Converting contact frequency to distance
To infer the 3D structures from Hi-C experimental data, the pairwise distances between loci are first computed. Most of the Hi-C protocols are cell population-based experiments; they provide the average contact frequencies across different cells. Every pair of loci i and j are associated with a number of m replicates by accumulating different structures, and the normalized contact frequency fij can be inferred from Hi-C dataset. Many structure inference methods assume a power-law relationship between contact frequency and 3D distance, allowing a contact (fij) to be converted into a corresponding distance (dij) through the equation \(d_{ij}=1/f_{ij}^{\alpha }\). The power-law coefficient α varies across datasets and needs to be estimated using other techniques. The special case where α=1 is called an inverse frequency (IF). Given a fixed α and the inferred structure X, the goodness of fit is calculated as \(\sum _{f_{ij}>0}\left (f^{\prime }_{ij}-f_{ij}\right)^{2}\) where \(f_{ij}^{\prime }=1/d(X)_{ij}^{1/\alpha }\). Similar to ChromSDE, we assume that 0.1≤α≤3 (a range covering most α in previous studies) and use a golden section search to find the correct α through minimizing the goodness function. We face several challenges with this approach. First, Hi-C can only capture 2.5% of the contact loci, with large variations in the captured frequencies; these contacts are moreover only reliable for the physically close loci. The power-law relation \(d_{ij}=1/f_{ij}^{\alpha }\) also results in infinite distances for low frequency contact pairs. While this can be remedied by enforcing an upper bound on the distances, a criteria for deciding the upper bound would be difficult to derive. Furthermore, the distances converted with a power-law relationship are not metric, rendering many computations that work for metric relations unusable.
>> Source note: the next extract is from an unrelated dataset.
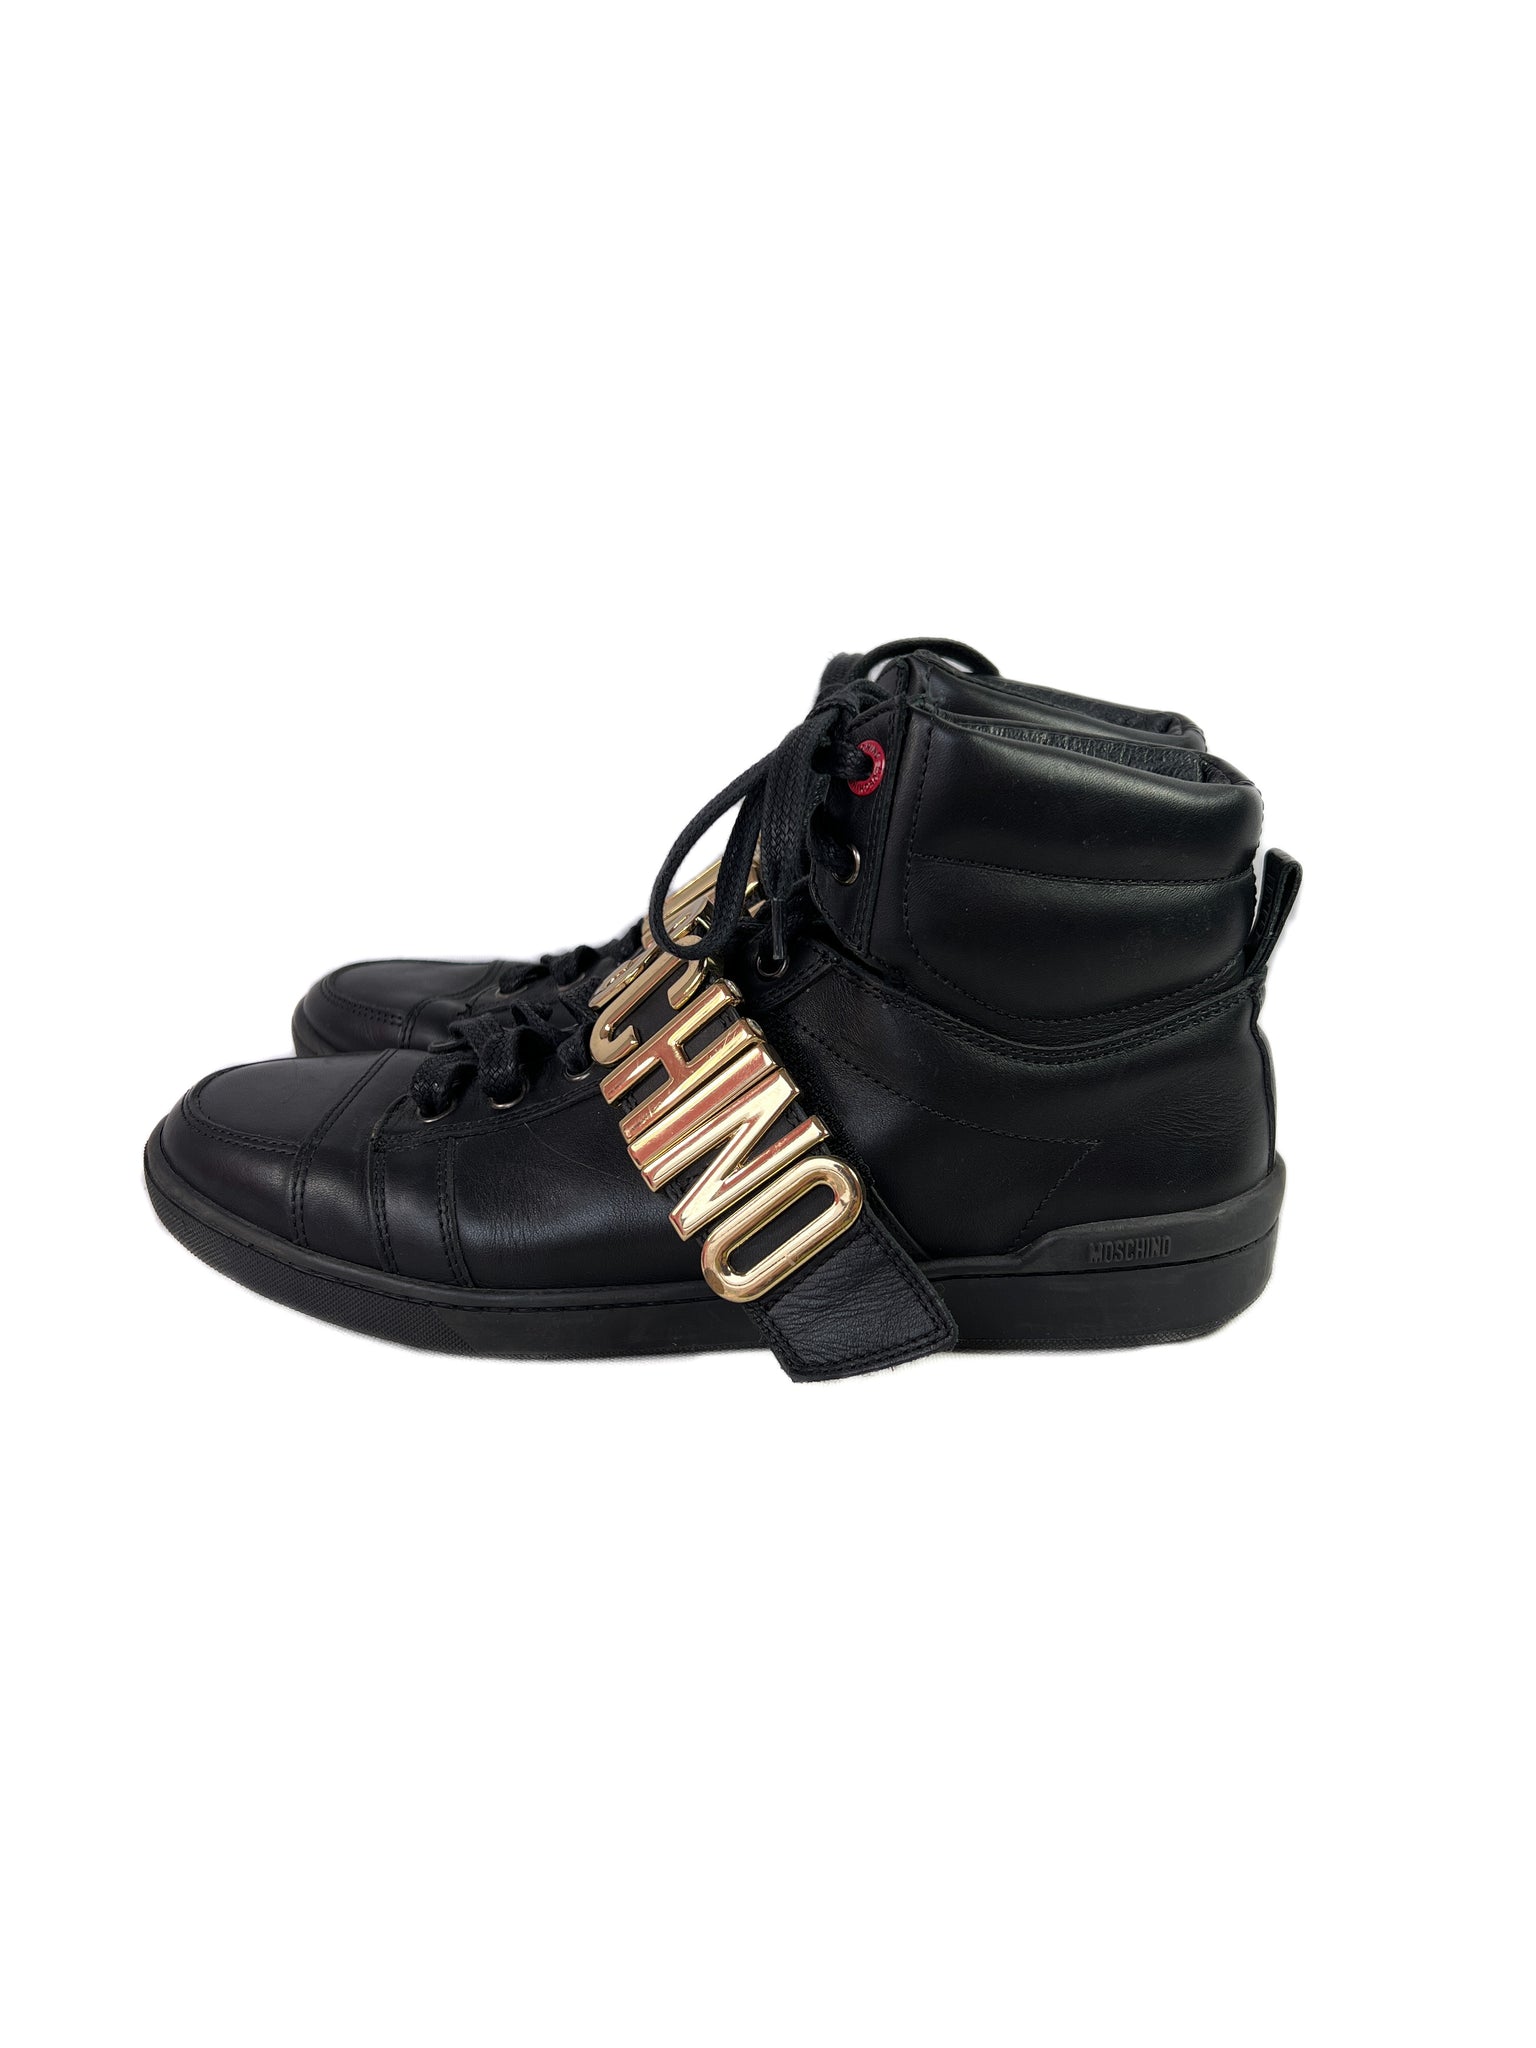 Moschino black leather high top sneakers size 40 – My Girlfriend's Wardrobe  LLC

Recently, Lesne el al. solved these problems elegantly using the shortest-path method in graph theory [36]. They modeled the contact matrix as a connected graph, in which a vertex represents a locus and an edge is associated with a distance as the inversion contact frequency of the corresponding locus pair. The final distance between loci i and j is modified with the shortest-path distance within the graph. Not only is the shortest-path distance metric and represents a tighter estimation of locus distance, the approach also mitigates the problem due to low frequency contact pairs.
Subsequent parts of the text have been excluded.